Snowflake's Data Cloud operates on a sophisticated data platform offered as a self-managed service. It empowers faster, more user-friendly, and highly flexible data storage, processing, and analytic solutions compared to traditional alternatives.
Unlike other existing database technologies or "big data" software platforms like Hadoop, Snowflake doesn't rely on pre-existing frameworks. Instead, it integrates a groundbreaking SQL query engine with a cloud-native architecture, specifically designed for efficiency. To end-users, Snowflake offers the complete functionality of an enterprise analytic database, coupled with numerous additional special features and distinctive capabilities.
Data Platform as a Self-managed Service:
Snowflake operates as a fully self-managed service, which implies:
- No hardware (virtual or physical) needs to be selected, installed, configured, or managed.
- Virtually no software requires installation, configuration, or management on the user's part.
- Continuous maintenance, management, upgrades, and tuning are seamlessly handled by Snowflake.
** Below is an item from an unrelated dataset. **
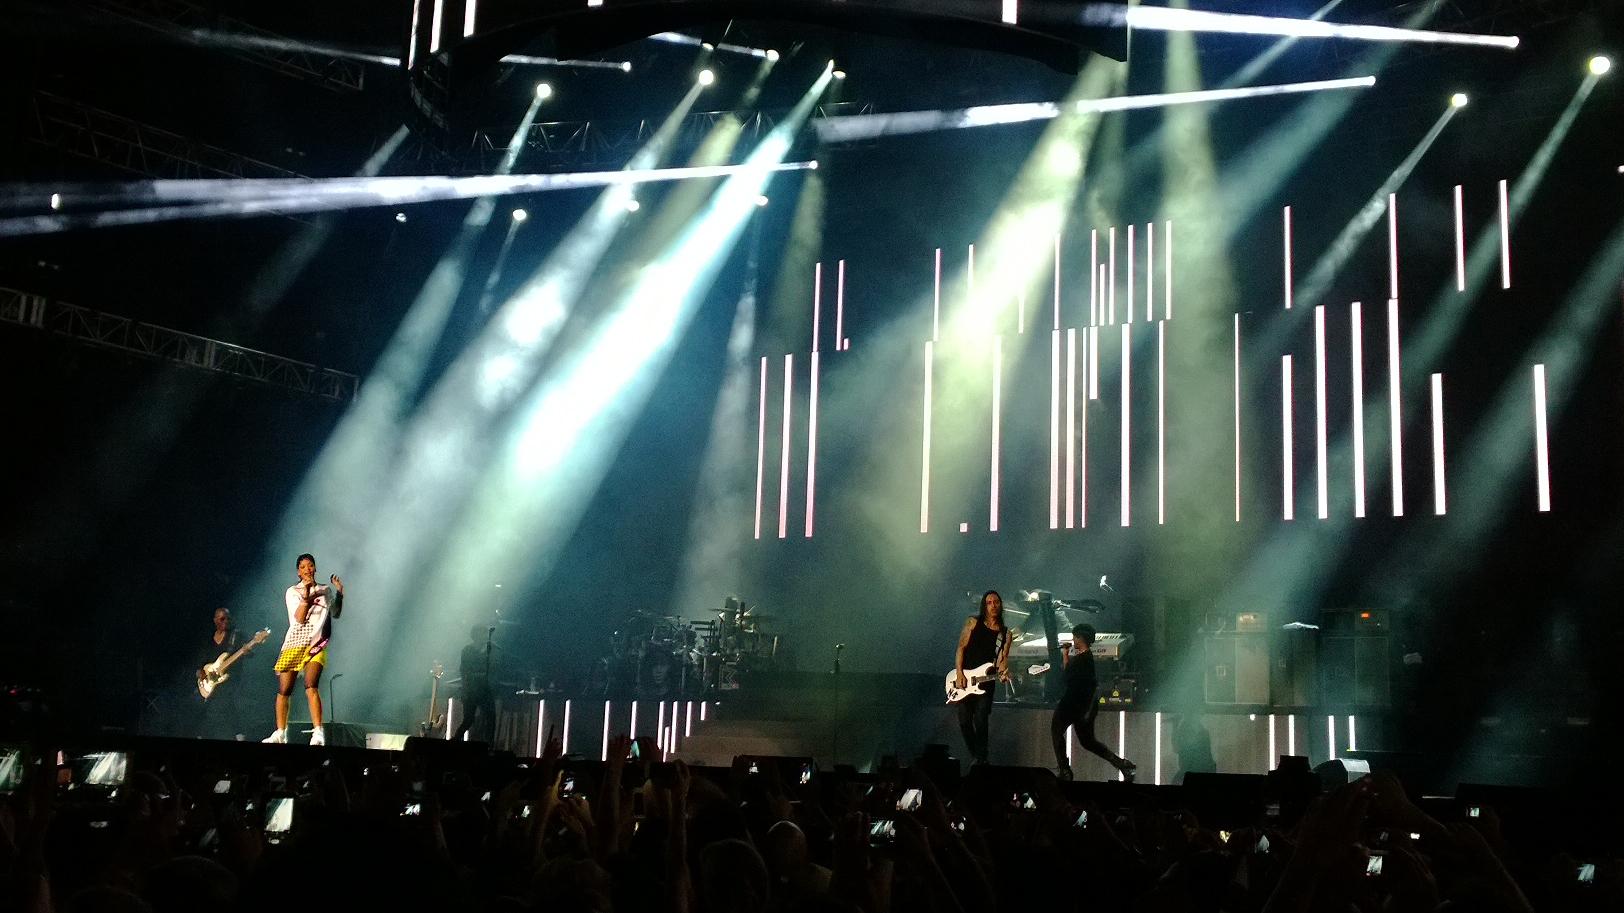 Nokia-Lumia-1020-Rihanna-concert-2

The entirety of Snowflake's service operates on cloud infrastructure, with all components—excluding optional command line clients, drivers, and connectors—running within public cloud infrastructures. Snowflake relies on virtual compute instances for computation and a storage service for the persistent storage of data. It is not designed for operation on private cloud infrastructures, whether on-premises or hosted.
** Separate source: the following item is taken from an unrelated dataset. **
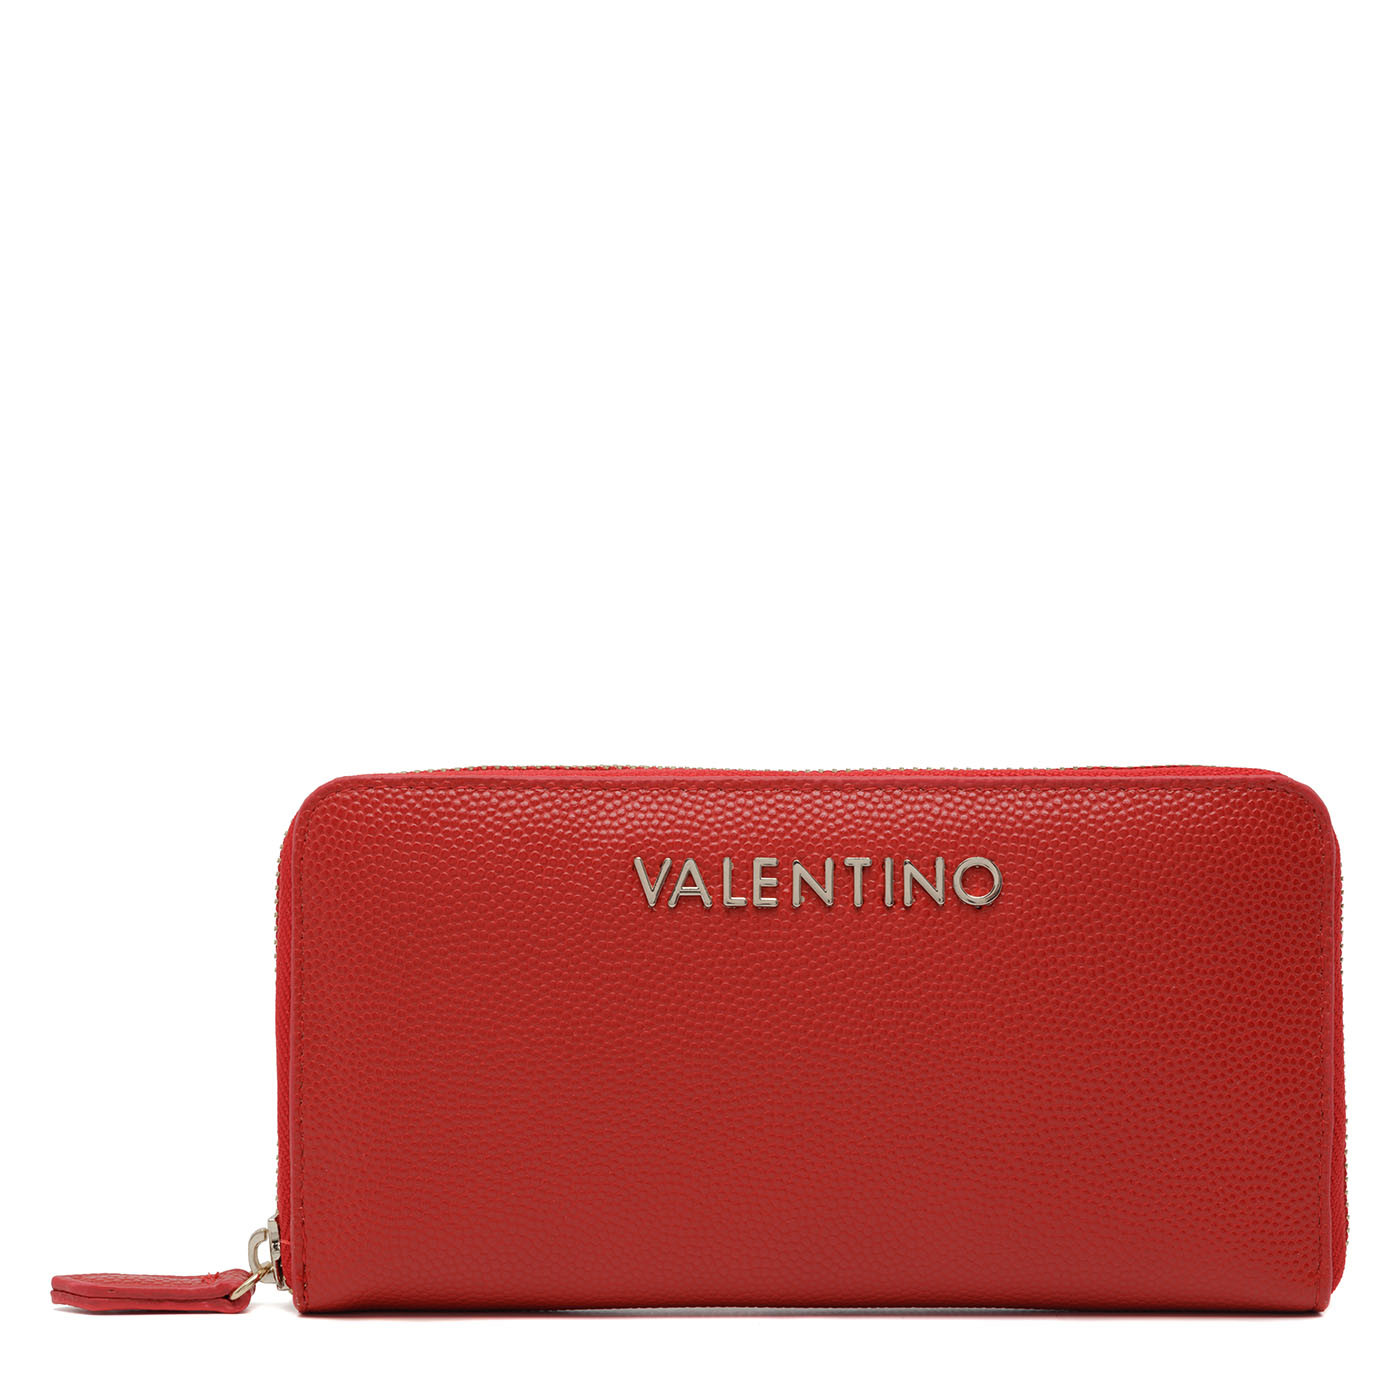 Valentino Divina Ritsportemonnee VPS1R4155GROSSO

Snowflake stands apart from traditional packaged software offerings, as users are not responsible for software installation or updates; Snowflake manages all aspects of these processes.
Snowflake Architecture:
Snowflake's architecture seamlessly blends elements of traditional shared-disk and shared-nothing database architectures. In alignment with shared-disk architectures, Snowflake employs a central data repository where persisted data is accessible from all compute nodes within the platform. However, akin to shared-nothing architectures, Snowflake executes queries through MPP (massively parallel processing) compute clusters. In this configuration, each node in the cluster locally stores a segment of the complete dataset. This innovative approach provides the data management simplicity characteristic of shared-disk architectures while delivering the performance and scale-out advantages associated with shared-nothing architectures.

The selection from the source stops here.